Hello,
I installed CUDA 4.0 without problems in Debian 6.0 using “cudatoolkit_4.0.13_linux_32_ubuntu10.10.run” and “devdriver_4.0_linux_32_270.40.run”. I can compile all examples in “gpucomputingsdk_4.0.13_linux.run” and they run correctly.
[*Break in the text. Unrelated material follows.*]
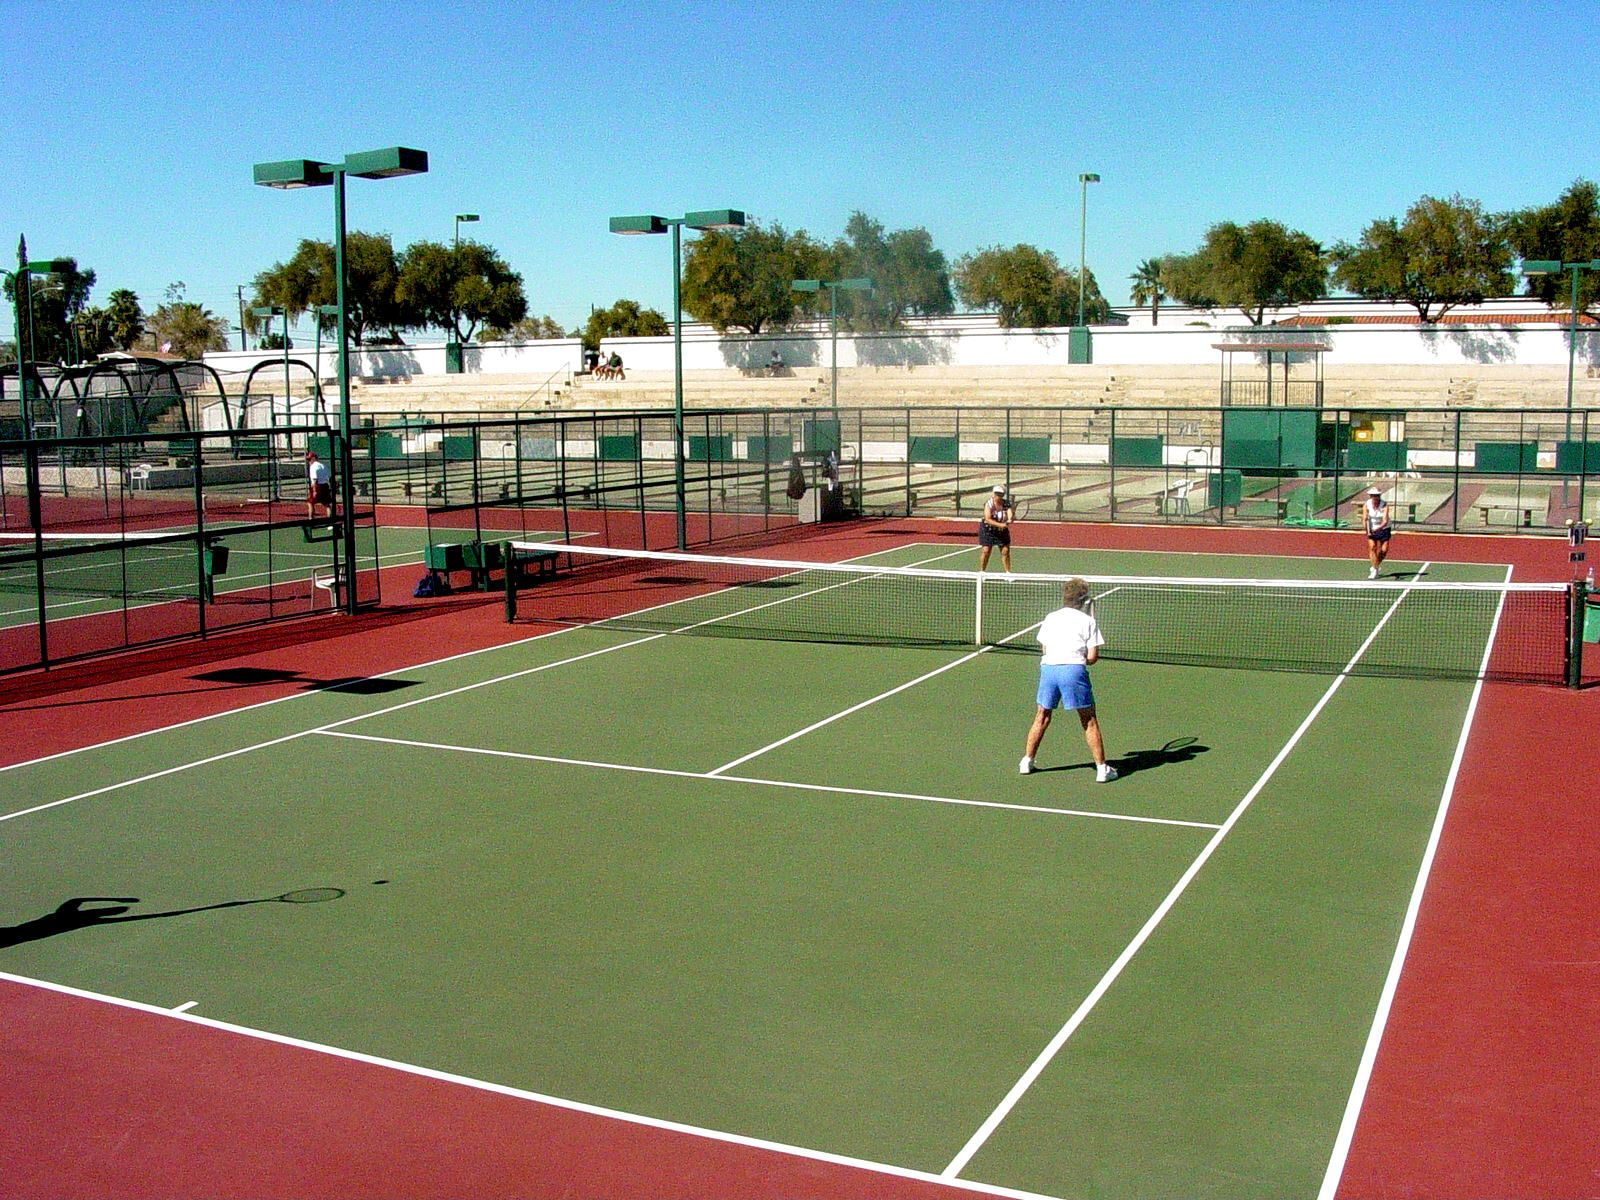 Mesa Regal Www Cal Am Com Resorts Our Resorts Tennis

However, when I compile one program that I wrote to simulate propagation in the Cubic-Quintic Complex Ginzburg-Landau Equation, program compiled with CUDA 4.0 is slower than the same code compiled using CUDA 3.1 (80 s from CUDA 4.0 against 50 s from CUDA 3.1).
The Makefile content is:
Add source files here
EXECUTABLE := cgle2dcuda_sm20
Cuda source files (compiled with cudacc)
CUFILES_sm_20 := cgle2dcuda_sm20.cu
Additional compiler flags and LIBs to include
USECUFFT := 1
################################################################################
Rules and targets
include …/…/common/common.mk
I used cufftExecZ2Z functions to pass from time space to Fourier space, both forward and backward, and two kernels to make propagation calculations. An example of the code we used is:
cufftExecZ2Z(plan, (cufftDoubleComplex*)d_datau, (cufftDoubleComplex*)d_datau, CUFFT_FORWARD);
cufftExecZ2Z(plan, (cufftDoubleComplex*)d_datav, (cufftDoubleComplex*)d_datav, CUFFT_FORWARD);
propagateData<<<NBLOCK,NHILOS>>>(d_datau,d_datav, N_SIZE, d_D11u,d_D11v,h_c[3]);
cufftExecZ2Z(plan, (cufftDoubleComplex*)d_datau, (cufftDoubleComplex*)d_datau, CUFFT_INVERSE);
cufftExecZ2Z(plan, (cufftDoubleComplex*)d_datav, (cufftDoubleComplex*)d_datav, CUFFT_INVERSE);
and propagateData function is:
static __global__ void propagateData(cufftDoubleComplex* a, cufftDoubleComplex* b, int size, cuDoubleComplex* D11a, cuDoubleComplex* D11b, double d_c)
{
double norm=1./(double)size;
double paso=0.0001;
const int numThreads = blockDim.x * gridDim.x;
const int threadID = blockIdx.x * blockDim.x + threadIdx.x;
for (int i = threadID; i < size; i += numThreads){
a[i]=propagateLineal(a[i],D11a[i],paso, d_c, norm);
b[i]=propagateLineal(b[i],D11b[i],paso, d_c, norm);
}
}
Anybody knows why CUDA 4.0 compiled code run slower than CUDA 3.1 compiled code or what am I doing wrong? I used a GeForce GTX470 card.
Thanks.